Cuando el Atleti gana un trofeo europeo, se te olvidan tus problemas durante unas horas y te da igual que te jodan la sanidad o la educación. Es absurdo pero es real, no puedes evitar alegrarte. Intento racionalizar esta sensación y lo único que se me ocurre es que el fútbol es lo único que te devuelve la felicidad de un niño cuando ya has perdido la inocencia. Eres feliz, pero no como adulto, eres feliz como un niño. Hay conexiones mentales con el niño que fuiste que iba al cole con la camiseta del Atleti y era minoría en su propia ciudad, con el niño ese que defendía ante 20 madridistas (clases de 30, 20 del Madrid, 5 del Atleti, 5 de equipos varios) que su equipo era el mejor del mundo y se forja desde pequeño. En el fondo ser del Atleti te marca de alguna forma la infancia, te fortalece en tus convicciones (porque en esa edad, no tienes más convicciones que ser de tu equipo) y te da unas alegrías y penas que se expresan de una manera total (porque en esa edad, pocas cosas te dan alegrías y penas, en general). Y cuando eres un adulto y tu equipo gana, se hacen unas conexiones mentales en tu cerebro, que le devuelven sensaciones de la infancia y entonces que se caiga el mundo si hace falta pero hemos ganado la UEFA (ahora Europa League) y que te quiten lo bailado.
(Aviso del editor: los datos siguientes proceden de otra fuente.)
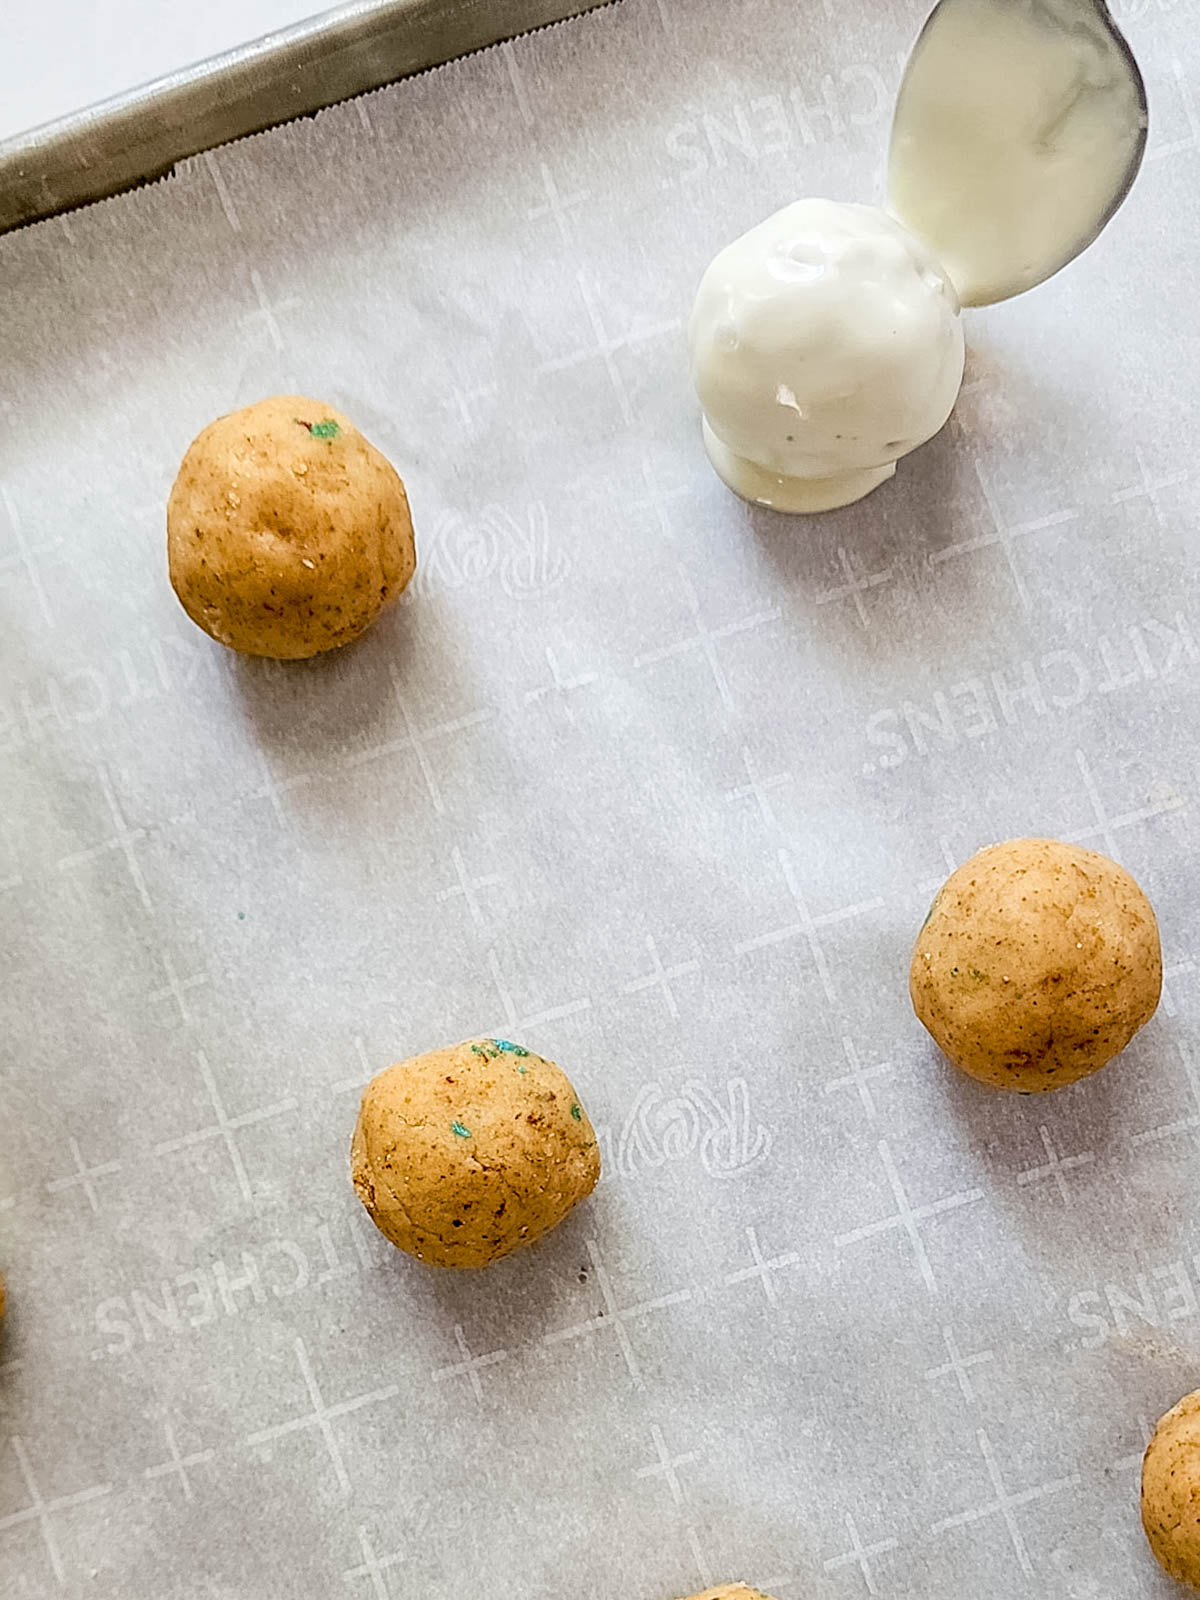 Cake balls on baking sheet

Que el Atlético de Madrid gane un título europeo tampoco debería hacernos olvidar que sigue siendo un club prisionero de unos delincuentes condenados por los Tribunales (con delito prescrito, lo que les libró de la cárcel, pero delincuentes reconocidos) cuya gestión ha supuesto un bajón en el rendimiento de la entidad tremendo, el más grave de su historia. Utilizan y/o han utilizado el club como chiringuito para el lucro propio con todo tipo de medidas (lease “Caso Negritos”, donde una empresa de los Gil “ficha” a unos jugadores africanos y los “vende” al Atleti, de forma que el Atleti paga a los Gil nosecuantos millones por unos tipos que no tienen ni idea de fútbol profesional) y comisiones por fichajes de forma absurda.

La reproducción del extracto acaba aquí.